想要扩展语法,也就需要深入了解marked.js的工作机制。
marked.js的工作机制:
创建Lexer(词法解析器)实例:
const lexer = new marked.Lexer()
lexer将markdown字符串解析成tokens(tokens是官方文档的叫法,按照我的理解应该是markdown节点(node)):
const tokens = lexer.lex(md)
接下来创建Parser(解析器)实例:
const parser = new marked.Parser()
调用parser.parse()来解析tokens,生成html字符串:
const html = parser.parse(tokens)
到这里,marked.js的工作机制就完了。
那么,我们需要修改的部分也就很清晰了,我们需要修改lexer的生成tokens函数、parser的解析函数以及渲染函数。
如何修改Lexer生成token的函数?
我看了marked.js的源码发现,lexer生成token的函数是一个名为token的函数,这个函数的代码是这样的:
marked.Lexer.prototype.token = function (src, top) {
src = src.replace(/^ +$/gm, '');
var next,
// ...;
while (src) {
// newline
if (cap = this.rules.newline.exec(src)) {
src = src.substring(cap[0].length);
if (cap[0].length > 1) {
this.tokens.push({
type: 'space'
});
}
}
// ...
}
//...
}
也就是,lexer用while循环来使用正则表达式进行判断是否符合语法,如果符合就push到tokens,然后切割字符串进行下次循环。

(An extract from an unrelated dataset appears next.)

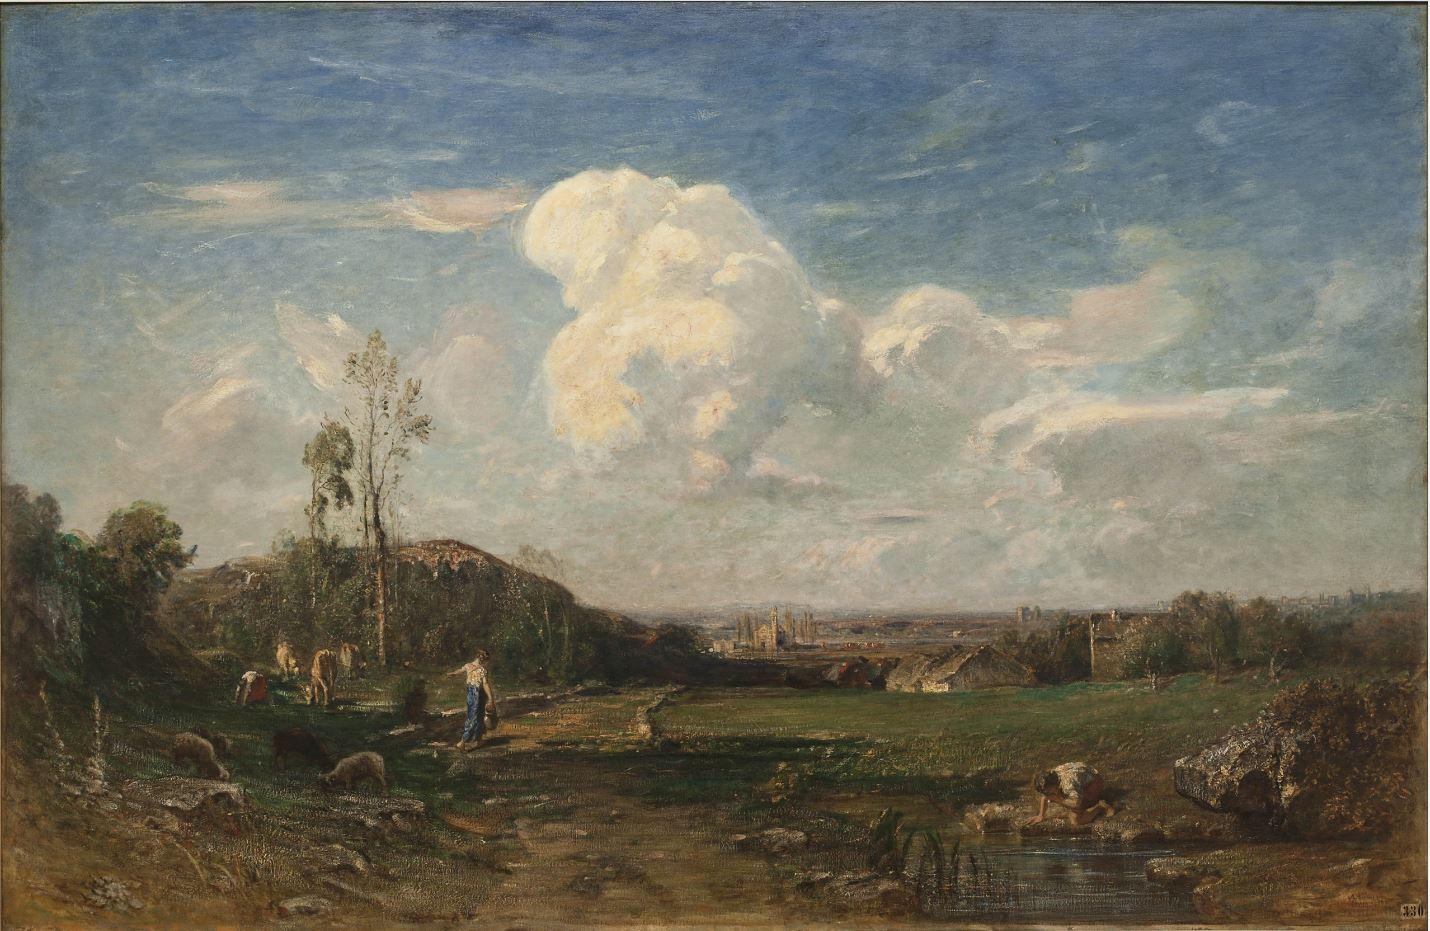 Antonio Fontanesi, Le nubi (1880; olio su tela, 200 x 300 cm; Torino, GAM - Galleria Civica d'Arte Moderna e Contemporanea)

我们就如法炮制一条正则表达式和循环中的代码块:
const customRules = {
hint: /^{% hint style="([a-z]+)" %}\n(.*)?(\n{% endhint %})/
}
// 将自定义的rule添加到词法解析器
marked.Lexer.rules = Object.assign(marked.Lexer.rules,customRules)
const lexer = new marked.Lexer();
// 源代码是merge了新的block rules,所以需要在实例上再添加一次
/*
block.normal = merge({}, block);
function Lexer(options) {
this.tokens = [];
this.tokens.links = Object.create(null);
this.options = options || marked.defaults;
this.rules = block.normal;
}
*/
Object.assign(lexer.rules,customRules)
// 重写词法解析器
marked.Lexer.prototype.token = function (src, top) {
src = src.replace(/^ +$/gm, '');
var next,
//...;
while (src) {
// newline
if (cap = this.rules.newline.exec(src)) {
src = src.substring(cap[0].length);
if (cap[0].length > 1) {
this.tokens.push({
type: 'space'
});
}
}
// 我们扩展的hint语法
// hint
if (cap = this.rules.hint.exec(src)) {
var lastToken = this.tokens[this.tokens.length - 1];
src = src.substring(cap[0].length);
this.tokens.push({
type: 'hint',
state:cap[1],
text: cap[2]
});
continue;
}
}
//...
这样,词法解析器就修改完成了,接下来我们需要修改Parser的解析函数用来生成对应hint语法的html
如何修改Parser解析?
依然是翻源码,找到parser的解析函数:tok
marked.Parser.prototype.tok = function() {
switch (this.token.type) {
case 'space': {
return '';
}
case 'hr': {
return this.renderer.hr();
}
//...
}
//...
}
我们需要在switch中增加一个case:
marked.Parser.prototype.tok = function() {
switch (this.token.type) {
case 'space': {
return '';
}
case 'hint': {
return this.renderer.hint(this.token.state, this.token.text);
}
case 'hr': {
return this.renderer.hr();
}
//...
}
//...
}
这里的`this.renderer.hint`调用的是渲染器的函数,也就是让marked.js知道怎么渲染hint语法:
// 新建渲染器
const renderer = new marked.Renderer()
const hintState={
info:``,
warning: ``,
danger: ``,
success: ``
}
// 自定义语法的渲染函数
renderer.hint = (state, text) => {
return `
${text.replace(/\n/g,'
')}
`
}
最后,将renderer传递给marked.js:
marked.setOptions({ renderer })
这样,我们就新扩展了markdown的语法啦
例:
const md = `{% hint style="info" %}
1
{% endhint %}
{% hint style="warning" %}
2
{% endhint %}
{% hint style="danger" %}
3
{% endhint %}
{% hint style="success" %}
4
{% endhint %}`
marked(md)
展示出来就是这个样子:
{% hint style="warning" %}
上面的代码是不完整的,下面贴上完整的代码
{% endhint %}
import marked from 'marked'
import hljs from 'highlight.js'
const customRules = {
hint: /^{% hint style="([a-z]+)" %}\n(.*)?(\n{% endhint %})/
}
// 将自定义的rule添加到词法解析器
marked.Lexer.rules = Object.assign(marked.Lexer.rules,customRules)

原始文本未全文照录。